The DLT, MTD, PK, and adverse effect profile of oxaliplatin in pediatric patients with refractory solid tumors are similar to those observed in adults. Carbamazepine may reduce the dose-limiting neurotoxicity of oxaliplatin.

摘要

目的

评估奥沙利铂在难治性实体瘤患儿中的最大耐受剂量(MTD)、剂量限制性毒性(DLT)、药代动力学(PK)及不良反应情况,并确定卡马西平是否能降低奥沙利铂所致的神经毒性。

患者与方法

测试了三种奥沙利铂给药方案(静脉滴注2小时):方案A(每3周给予100mg/m²、130mg/m²或160mg/m²以确定奥沙利铂的MTD);方案B(确定在奥沙利铂给药前24小时开始并在给药后48小时结束的卡马西平是否能降低剂量限制性神经毒性并提高方案A的MTD);方案C(评估每2周给予方案A三分之二MTD的固定剂量的安全性[给药频率更高但剂量强度相当])。

结果

26例患者入组方案A(n = 11)、方案B(n = 6)和方案C(n = 9)。

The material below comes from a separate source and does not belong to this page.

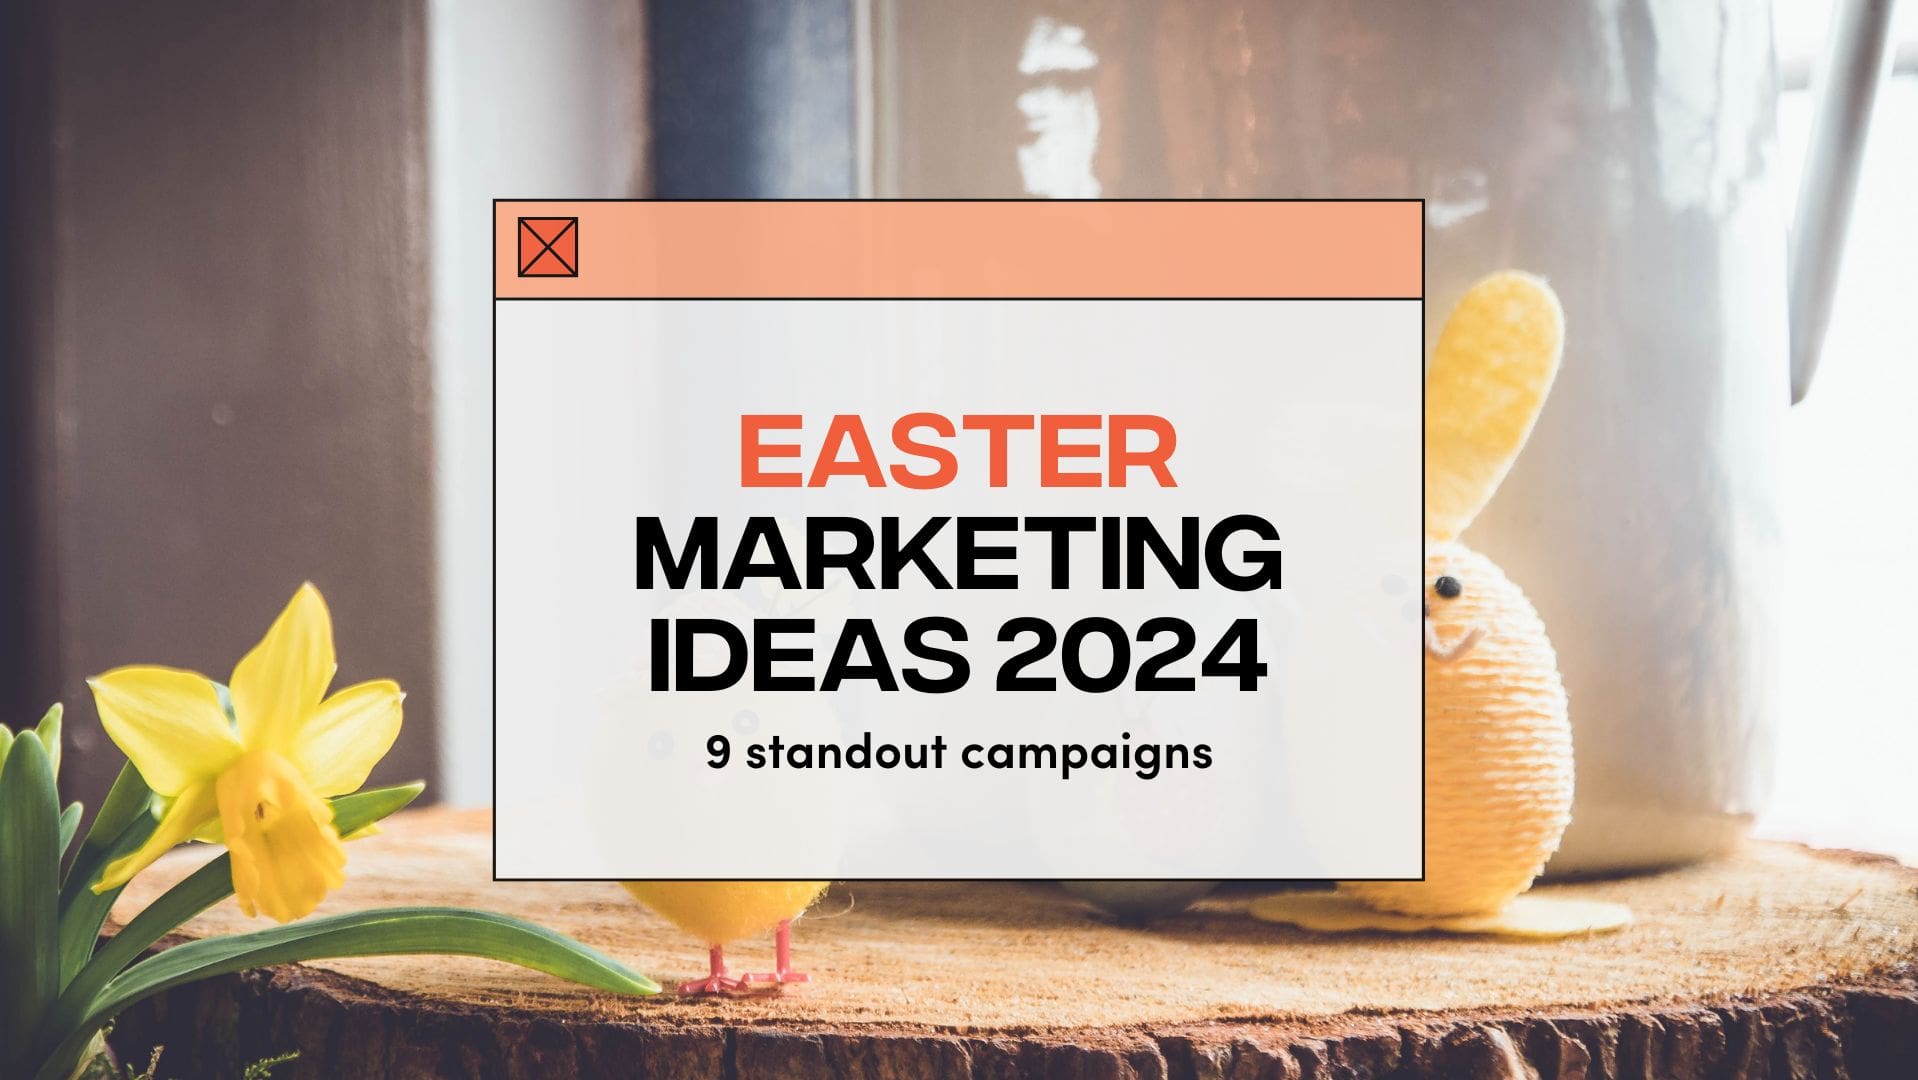 Easter Marketing Ideas 2024: Nine Standout Campaigns

DLT为160mg/m²时出现3级咽喉感觉异常、感觉神经病变和共济失调。MTD为每3周130mg/m²。在MTD时,可超滤铂的中位清除率为9.7L/h/m²(范围为6.5至15.5L/h/m²)。加用卡马西平可将剂量增至160mg/m²而无DLT。每2周给予85mg/m²的固定剂量未观察到DLT。在所有方案中,血液学毒性均较轻。未观察到明显的肾毒性、耳毒性或累积神经毒性。

结论

奥沙利铂在难治性实体瘤患儿中的DLT、MTD、PK及不良反应情况与成人中观察到的相似。卡马西平可能降低奥沙利铂的剂量限制性神经毒性。